The Wilson MacDonald Memorial School Museum (WMMSM) is a museum dedicated to preserving the history of rural education in Haldimand County and Canada at large, the heritage of the surrounding community, and the memory of its namesake, Wilson Pugsley MacDonald.

==Collection, Exhibits and Events==
WMMSM has a large collection of various artifacts relating to local heritage. The primary focus is on rural education however they hold a number of farming implements, type writers, medical tools, and more. WMMSM also has a number of photo albums featuring photos throughout the years of nearly every single one-room schoolhouse in the county.

The WMMSM houses four exhibits. There are 2 permanent galleries, one is an exhibit chronologically laying out much of Haldimand's and Canada's history with rural education and the second is dedicated to the museum's namesake, Wilson MacDonald. There is one rotating exhibit, changing roughly 3-4 times a year to keep the museum's contents fresh and in cooperation with Haldimand County's fellow museums, Haldimand County Heritage Centre and Edinburgh Square Heritage and Cultural Centre. The final exhibit is the preserved one-room school house, filled with artifacts from the time and area it was in use.

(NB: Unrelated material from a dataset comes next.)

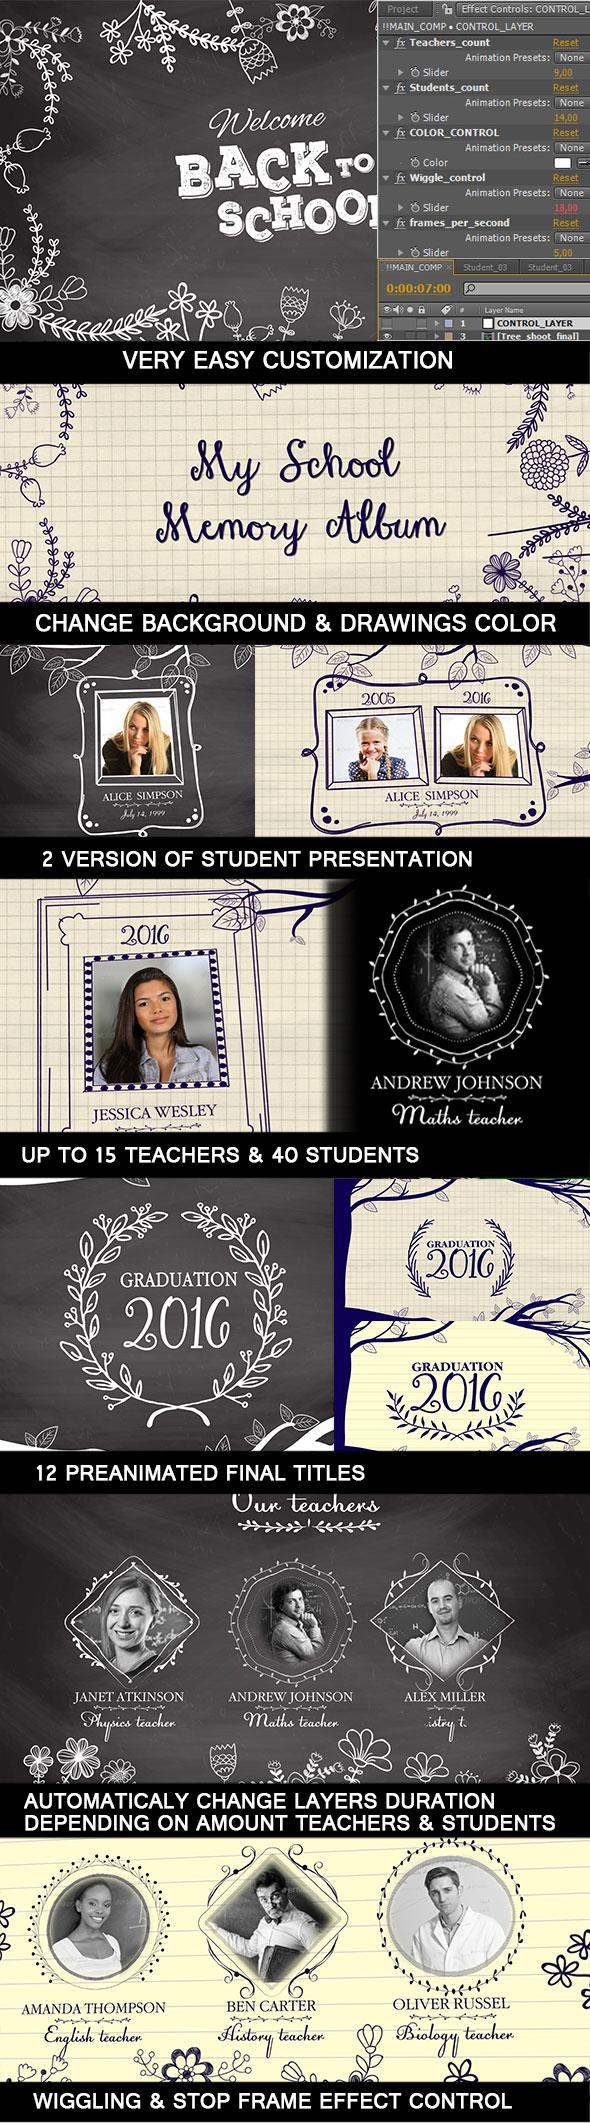 My School Memory Album & School Board Graduation Show

WMMSM runs a multitude of events for the local community including informational sessions, a car show, and a variety of workshops and summer camps.

==History==
The schoolhouse was built in 1872, replacing the previous school house that had stood in the same property. It remained in use as a one-room school house until 1965 when it was shut down.

In 1967, through the efforts of Earl and Elsie Sider of Cheapside, Ontario, the schoolhouse was established as a museum. Much of the original articles that had once existed in the school house had been auctioned off however, many articles from the surrounding areas have since been donated back.

In the 1990s, an addition was built onto the east side of the building to include the current galleries, offices and other amenities.